What you will do: Among the lines below, output only those between the line holding "COLORSCIENCE SUNFORGETTABLE TOTAL" and the line holding "Free People In a Dream Top", inclusive, exactly as written and with no pictures.

Provided data:
________________

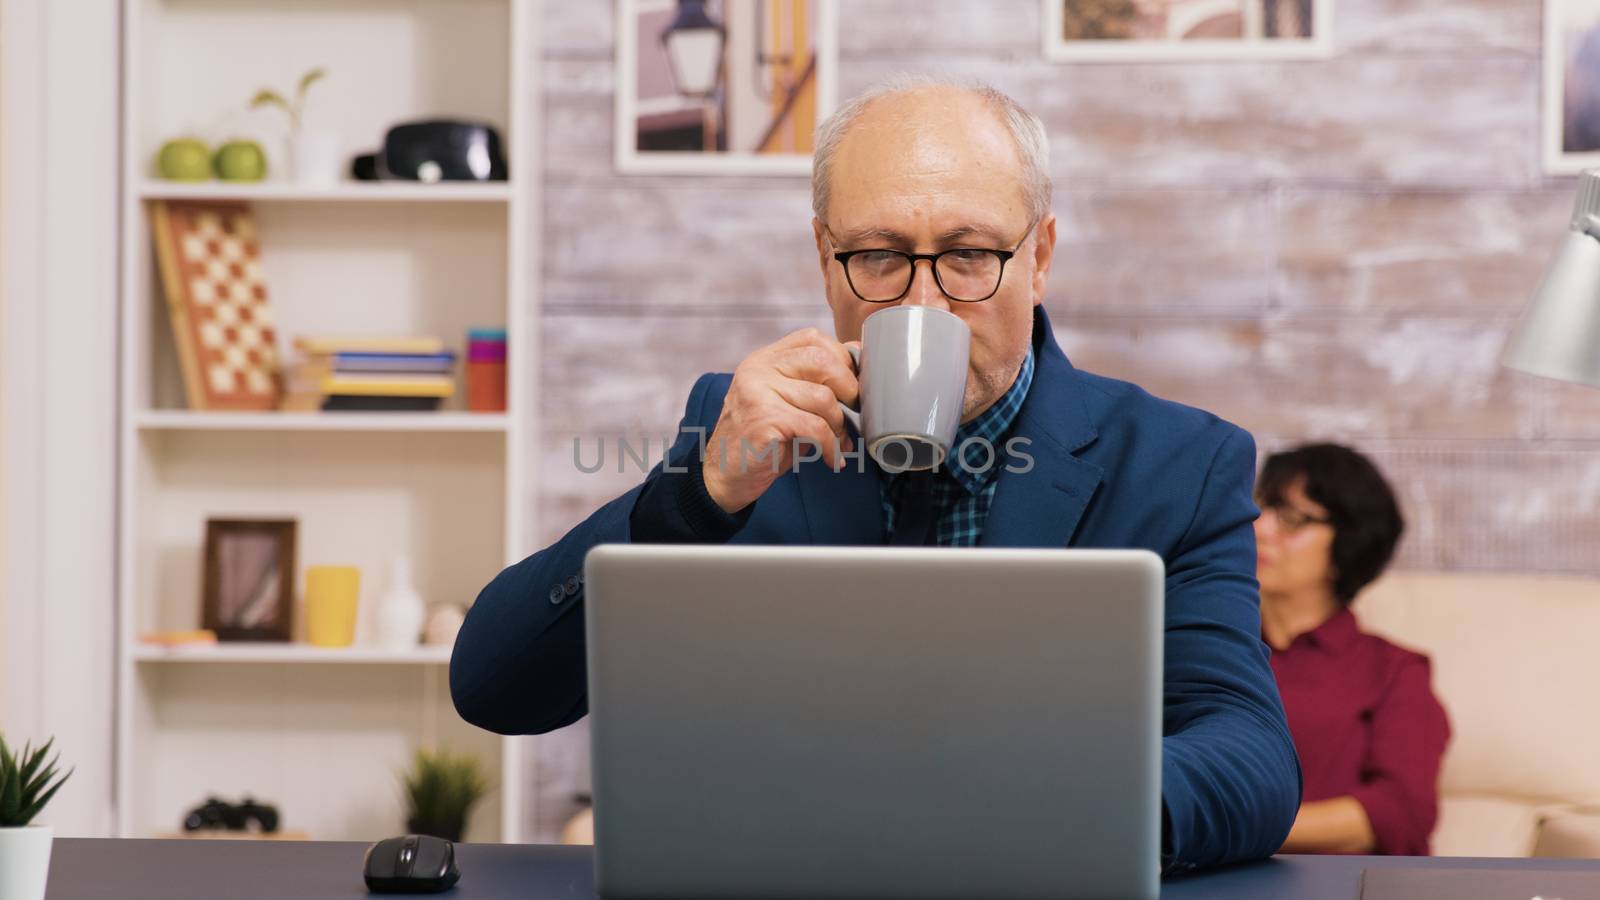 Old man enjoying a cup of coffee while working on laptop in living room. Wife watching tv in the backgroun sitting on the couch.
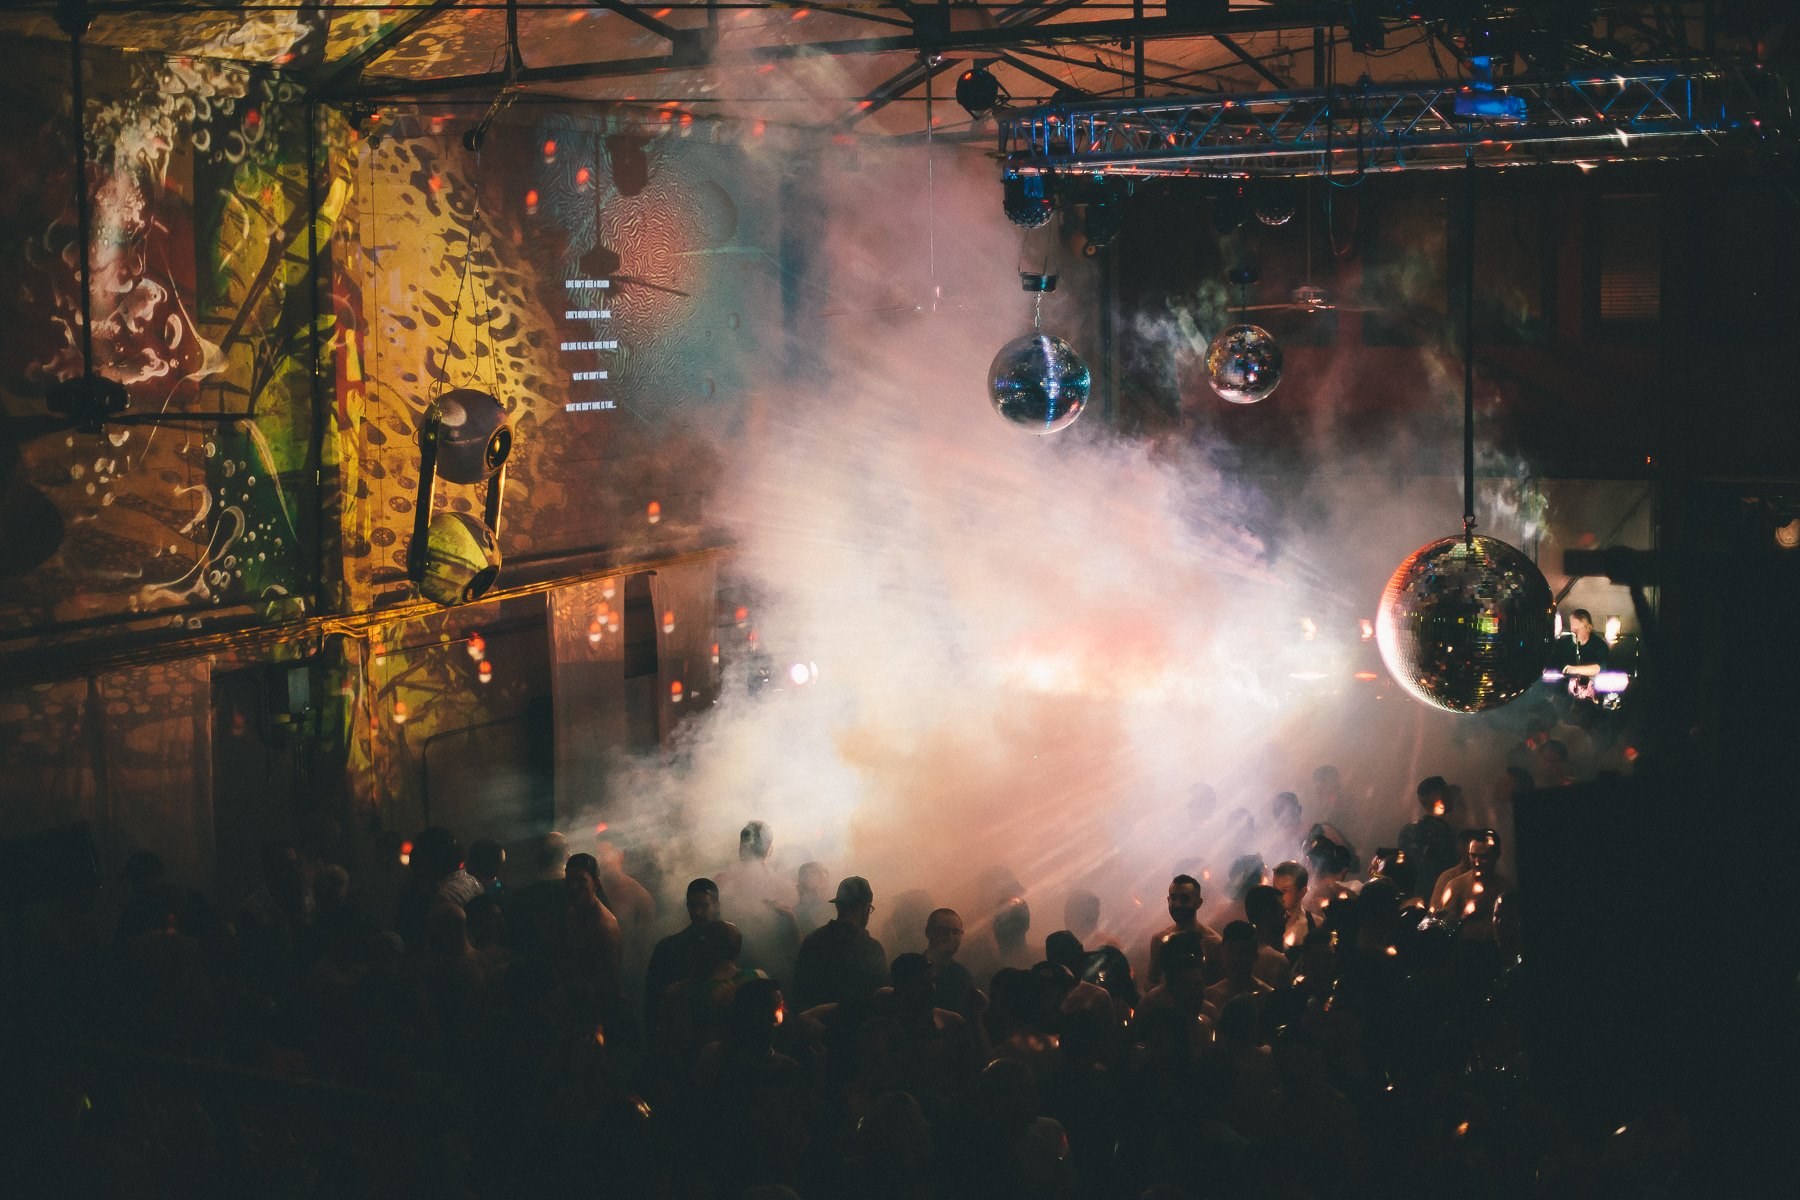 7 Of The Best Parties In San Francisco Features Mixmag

________________

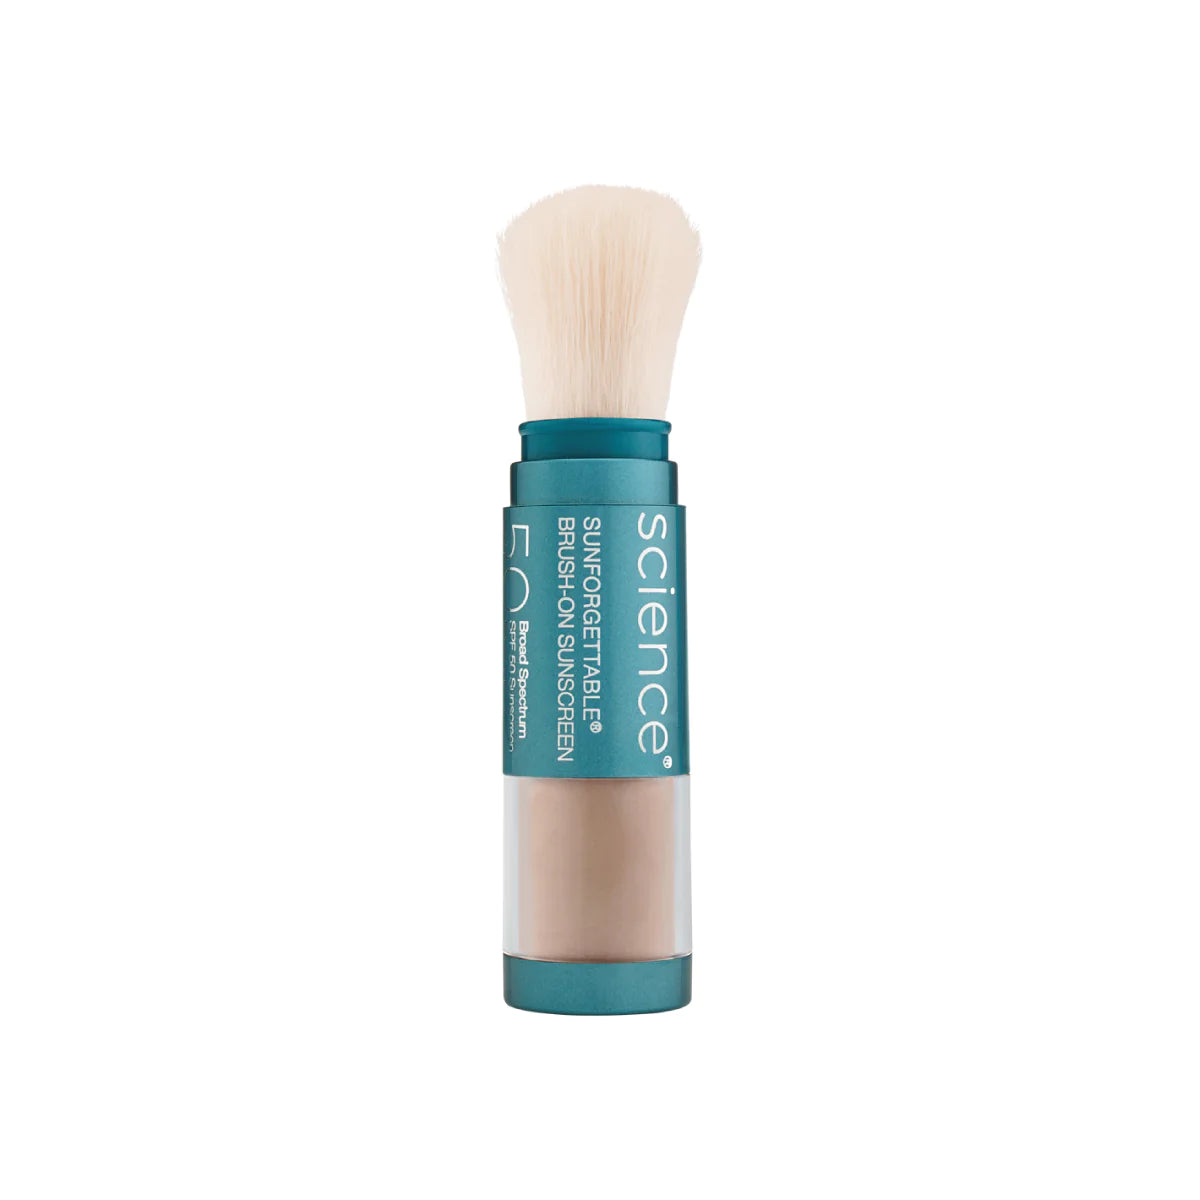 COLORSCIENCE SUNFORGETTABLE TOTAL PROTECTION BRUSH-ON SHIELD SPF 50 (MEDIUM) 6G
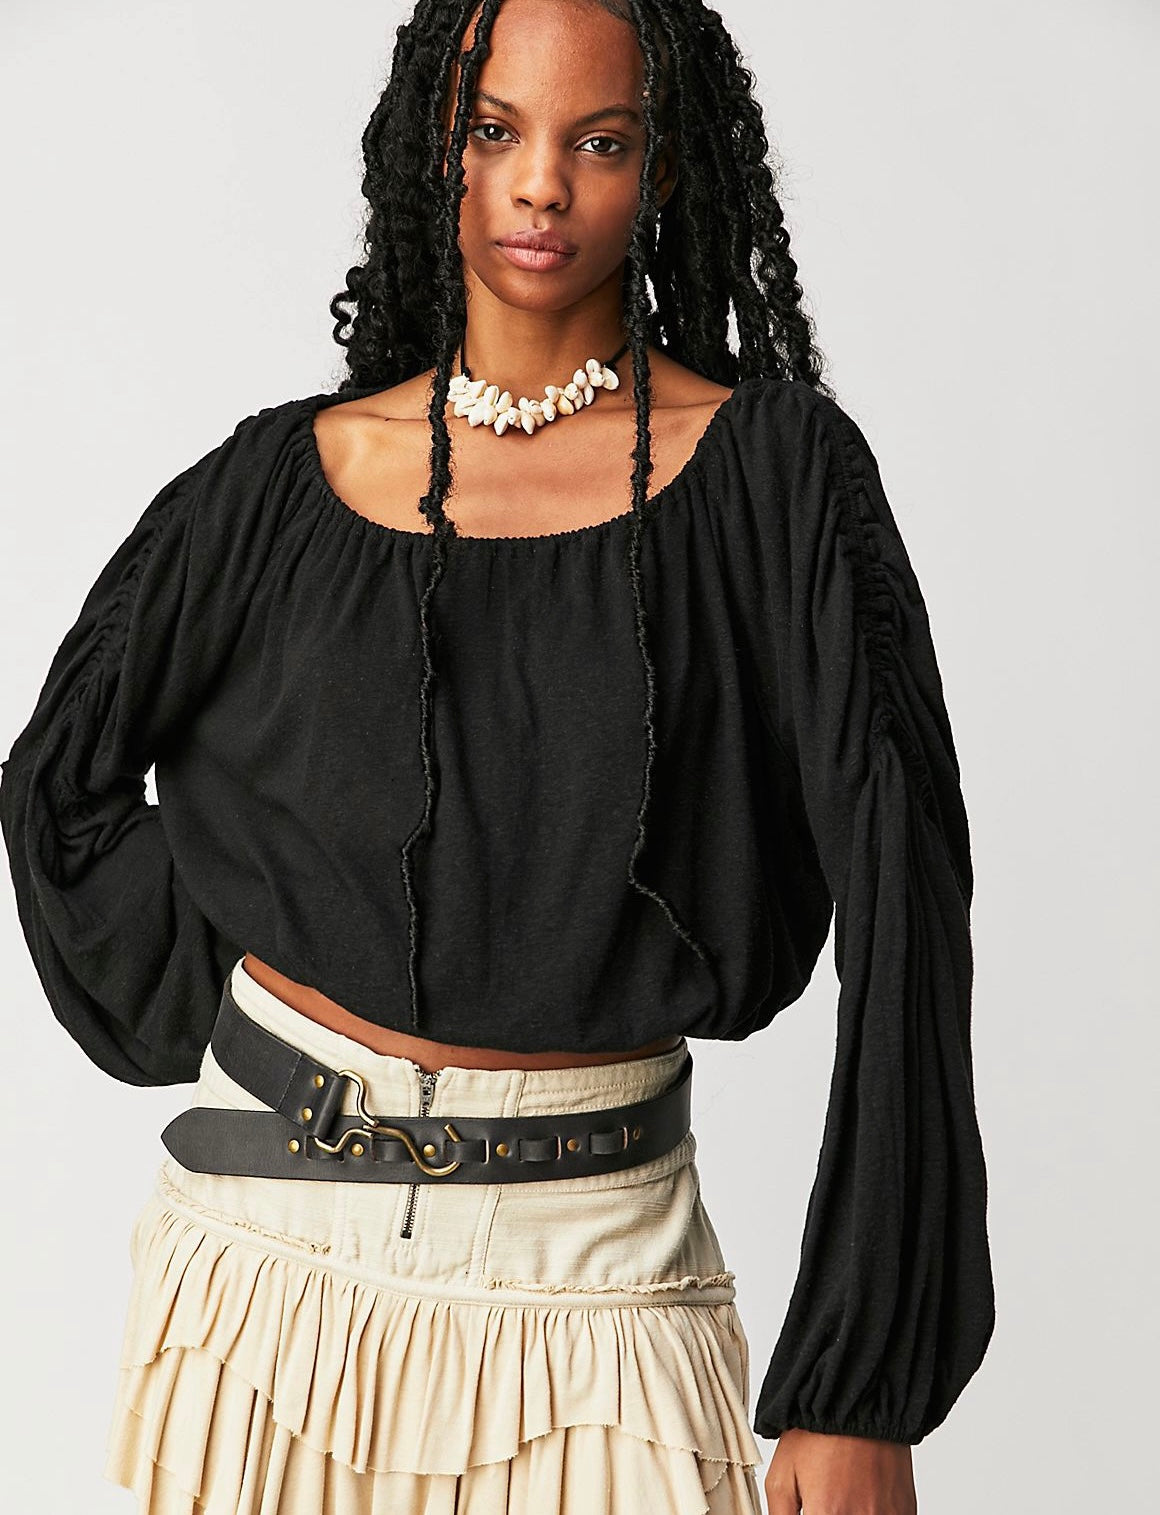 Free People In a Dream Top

________________

Solution for this problem:
 COLORSCIENCE SUNFORGETTABLE TOTAL PROTECTION BRUSH-ON SHIELD SPF 50 (MEDIUM) 6G
 Free People In a Dream Top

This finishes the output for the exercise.